◆ Task description
Please give back the listing exactly, without any of its pictures.
Information provided Block Start
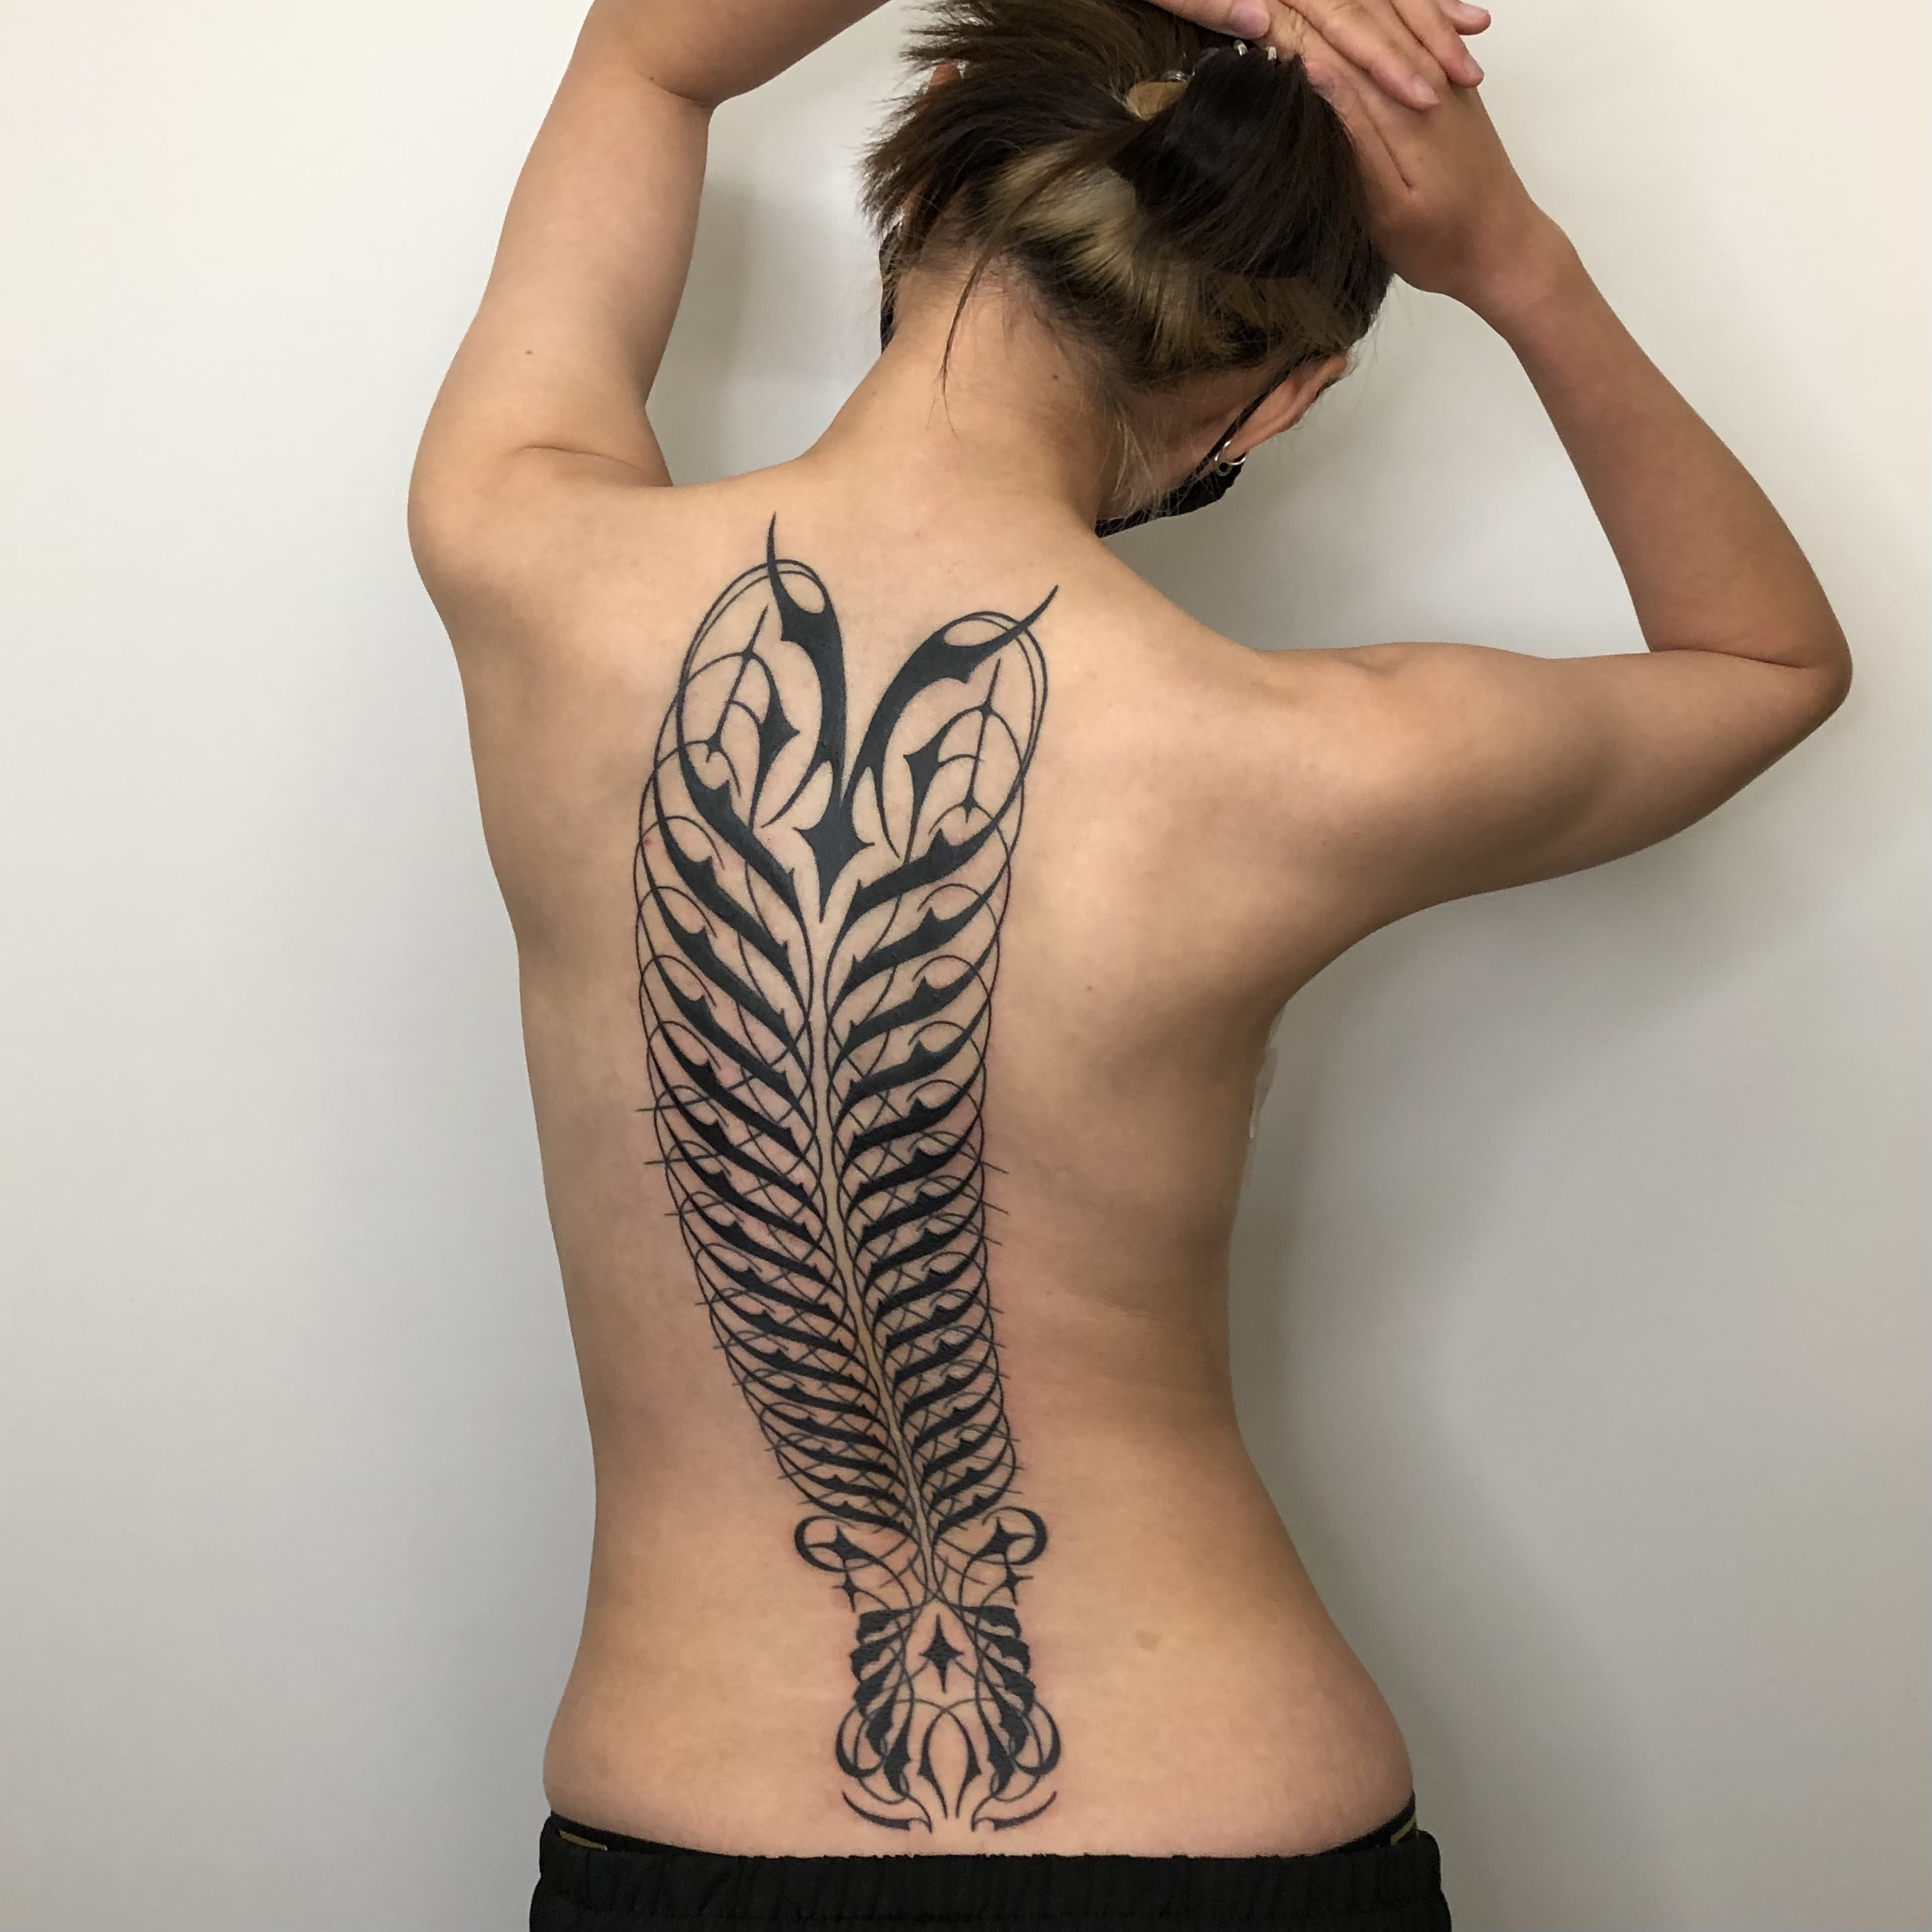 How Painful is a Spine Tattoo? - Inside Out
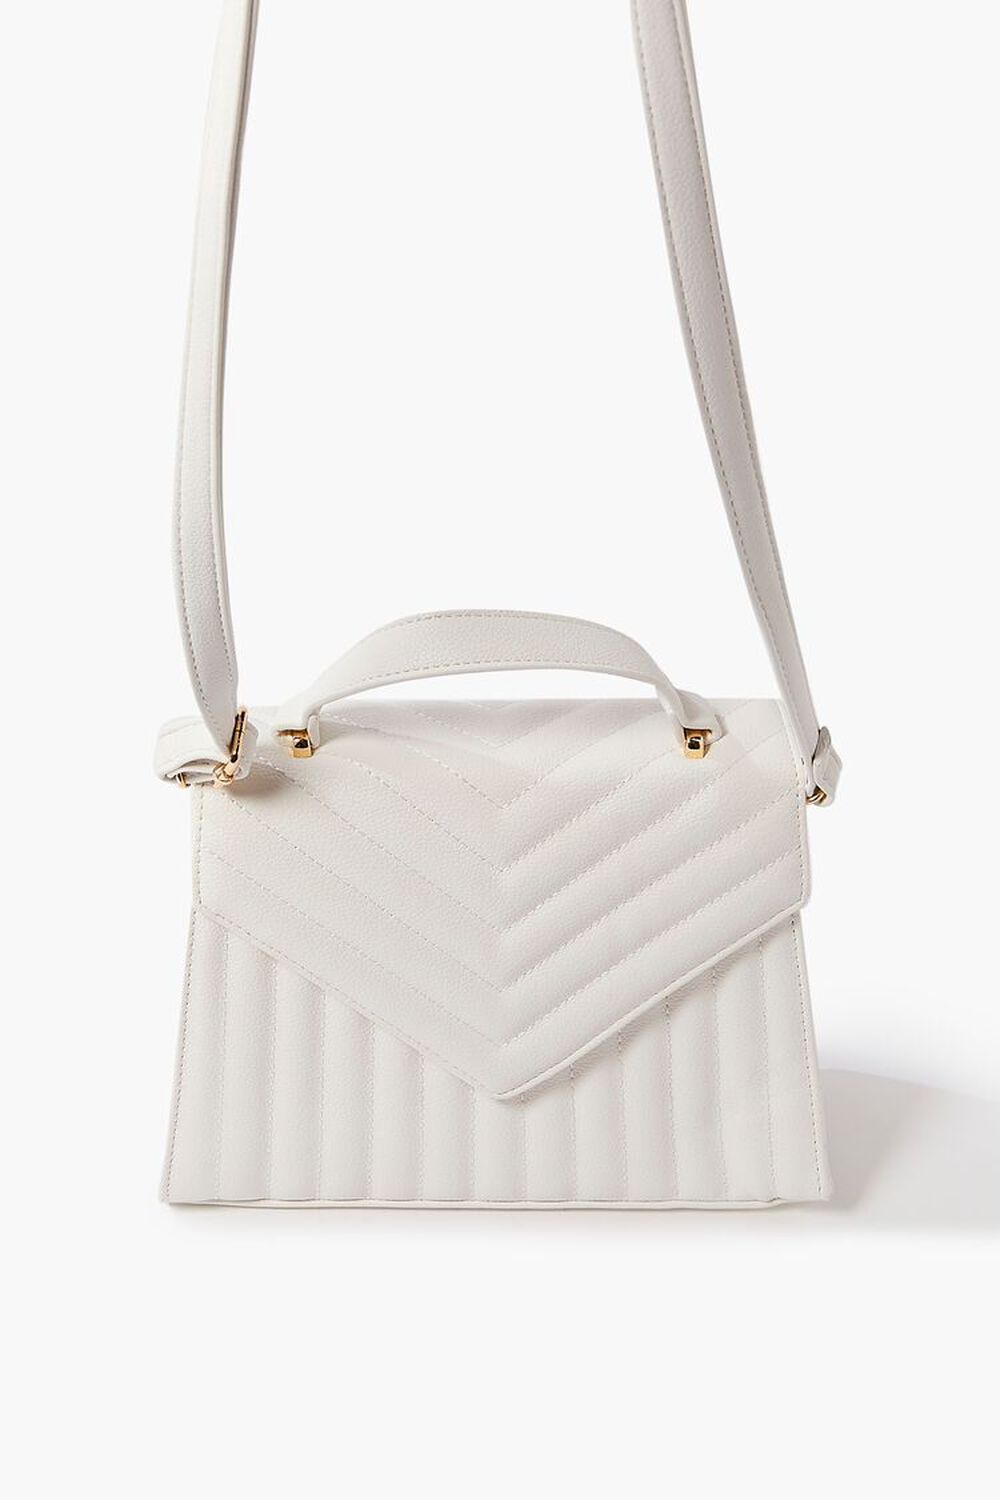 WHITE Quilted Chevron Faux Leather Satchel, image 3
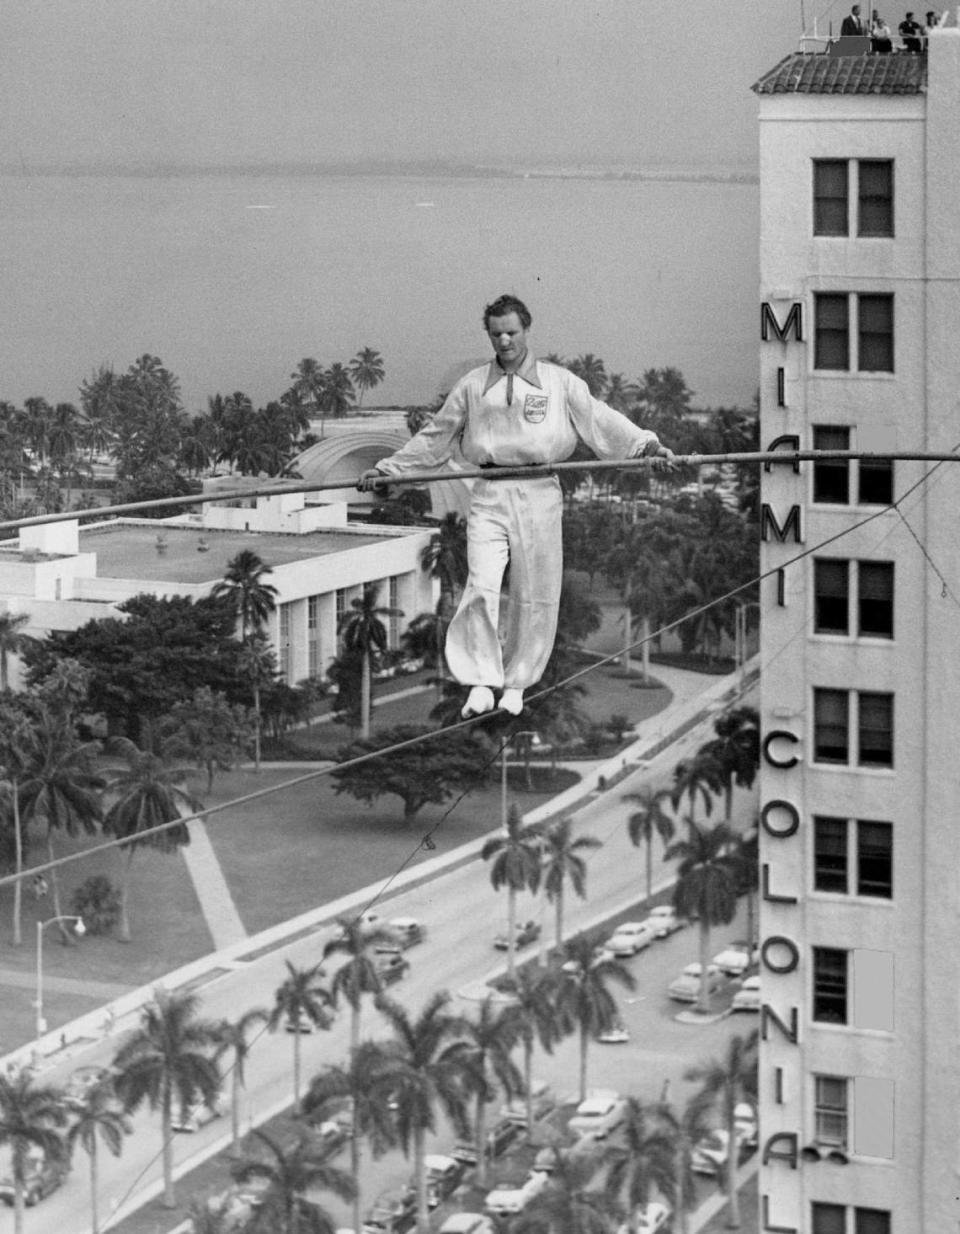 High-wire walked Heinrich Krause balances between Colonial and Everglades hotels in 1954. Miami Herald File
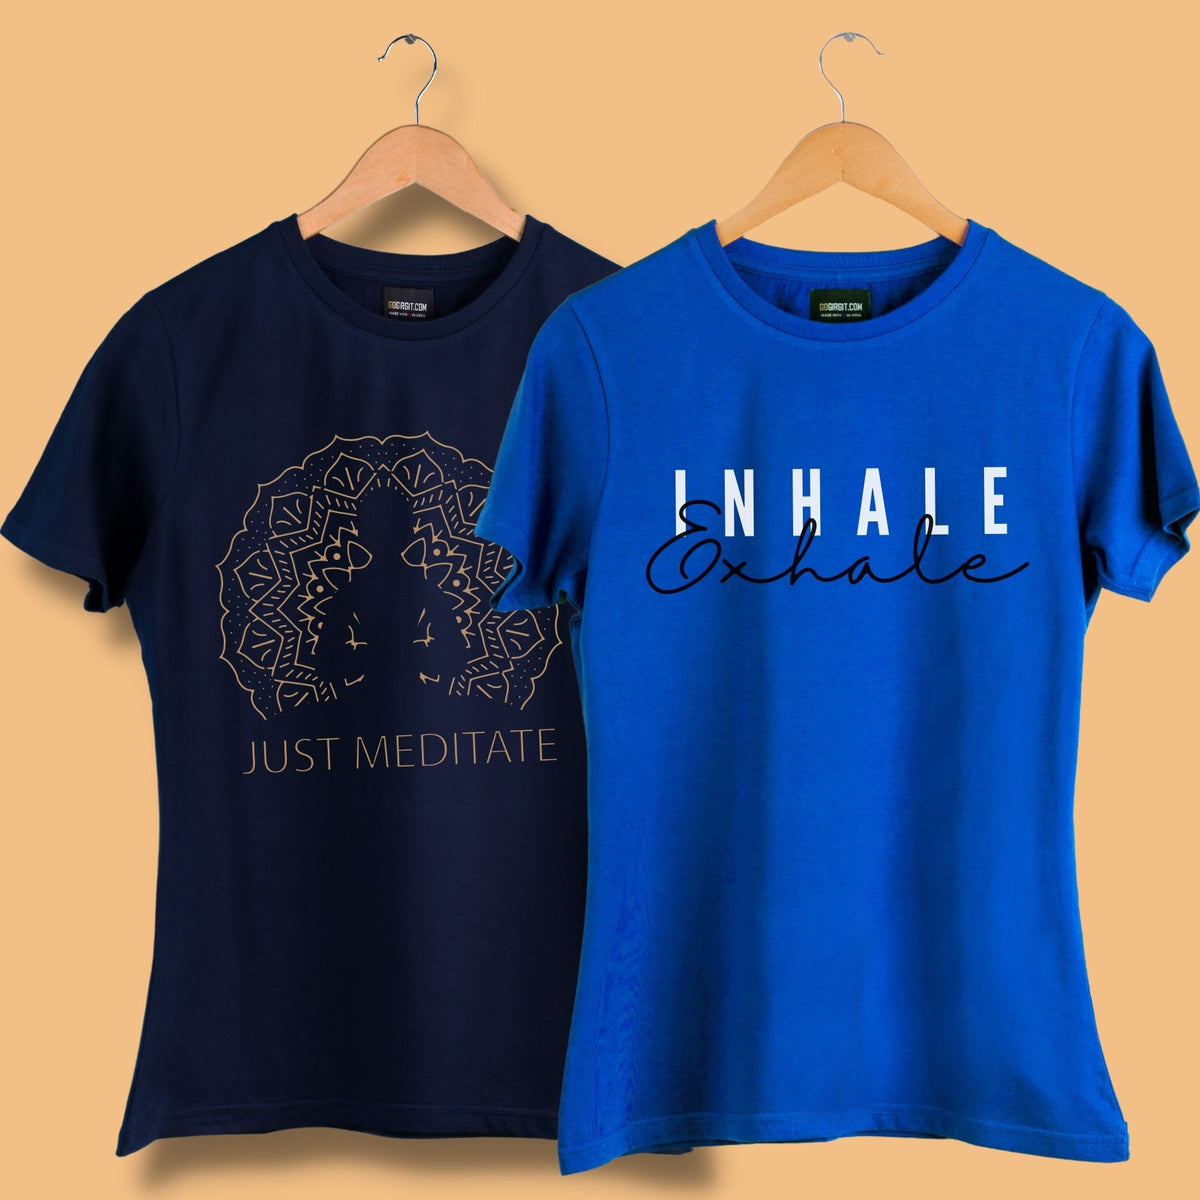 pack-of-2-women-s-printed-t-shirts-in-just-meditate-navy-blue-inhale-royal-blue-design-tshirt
Information provided Block End
◆ Answer space
 How Painful is a Spine Tattoo? - Inside Out
 WHITE Quilted Chevron Faux Leather Satchel, image 3
 High-wire walked Heinrich Krause balances between Colonial and Everglades hotels in 1954. Miami Herald File
 pack-of-2-women-s-printed-t-shirts-in-just-meditate-navy-blue-inhale-royal-blue-design-tshirt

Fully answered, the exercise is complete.